Tuesday, September 29, 2015

The day after: Russians are waking up today and they are scrambling trying to figure out (or deny) what they saw happened with Putin at the UN under the Bloody Moon

While Russia's state media and a reliable constituency of Putin's fans and supporters celebrate dutifully yet another Putin's victory and triumph (without ever touching Putin's recognition of the Nazi rule in Ukraine as legitimate and refusing to recognize them as an anti-Russian fascist regime, etc.), Putin's appearance at the UN, his speech and his whole conduct threw many Russians (judging by their comments on the Internet) into a state of moral, political, and cognitive disarray and disorientation, ranging from (a deja vu of) humiliation to utter desperation. While trying to pacify (neutralize) the now aborted and quarantined anti-fascist, pro-Russian uprising of Donbass on the basis of Minsk, Putin is belatedly increasing Russia's involvement in Syria, opening thus for Russia a second front. This is combined with an economic crisis, which actually started already in 2013 and was preceded by stagnation. On the same day, under the watch of the US "leading from behind," the Taliban seized a 300,000 city of Kunduz sitting almost on the border of Tajikistan, thus signaling that the Taliban is back in full force and opening a new front in Central Asia, while ISIS has already established its presence there as well.

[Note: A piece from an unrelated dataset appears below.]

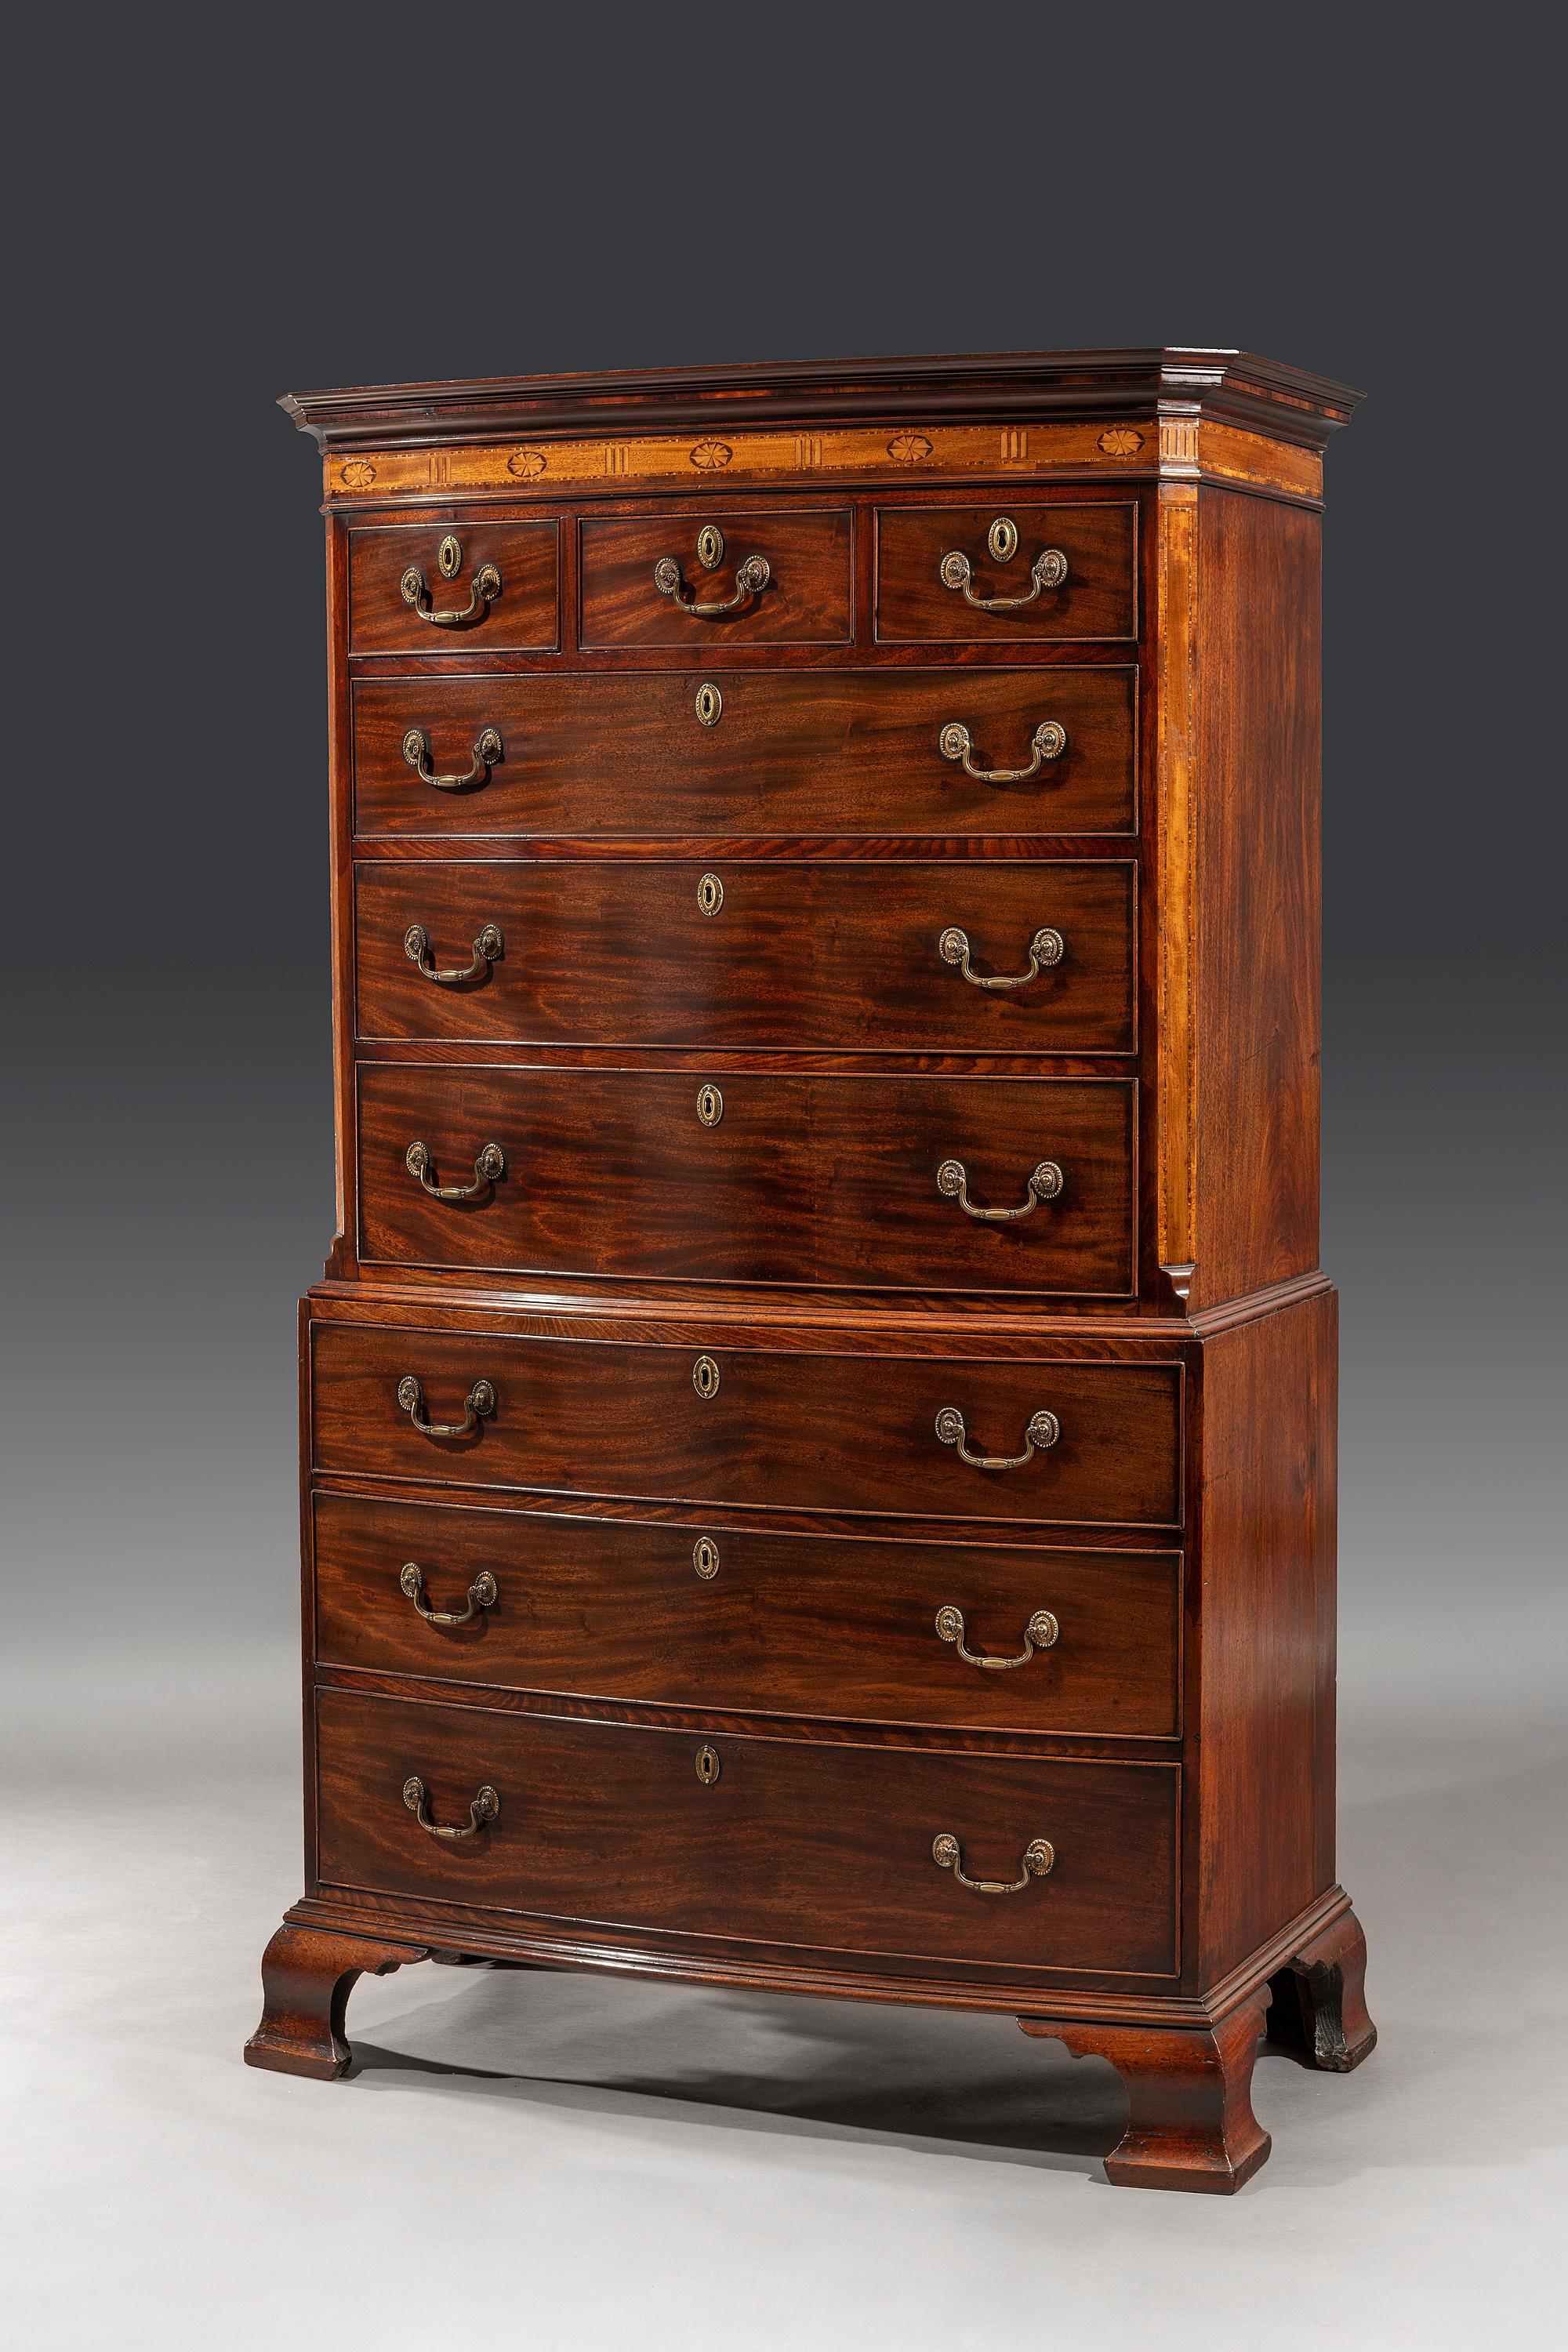 British George III Adam Period 18th Century Bow-Fronted Inlaid Chest on Chest For Sale

In this situation, many Russians are waking up to a realization of painful helplessness and, when coming face to face with the ever more dawning terrible truth, are pondering whether they just have to hold on to the blind faith to the very end or whether, in the encounter of the brain with the truth, they should turn on the truth, but perhaps first by turning off (or against) the brain itself--just like these very same policies, which brought them to this point turned against the outstanding father of Novorossiya and the Russian Mir in Ukraine, Alexey Mozgovoy, whose name coincidentally also means "the brain" or "man of the brain."

In his political career, Putin has just reached his Rubicon--one can fake so many things only for so long and only for a definitive number of people.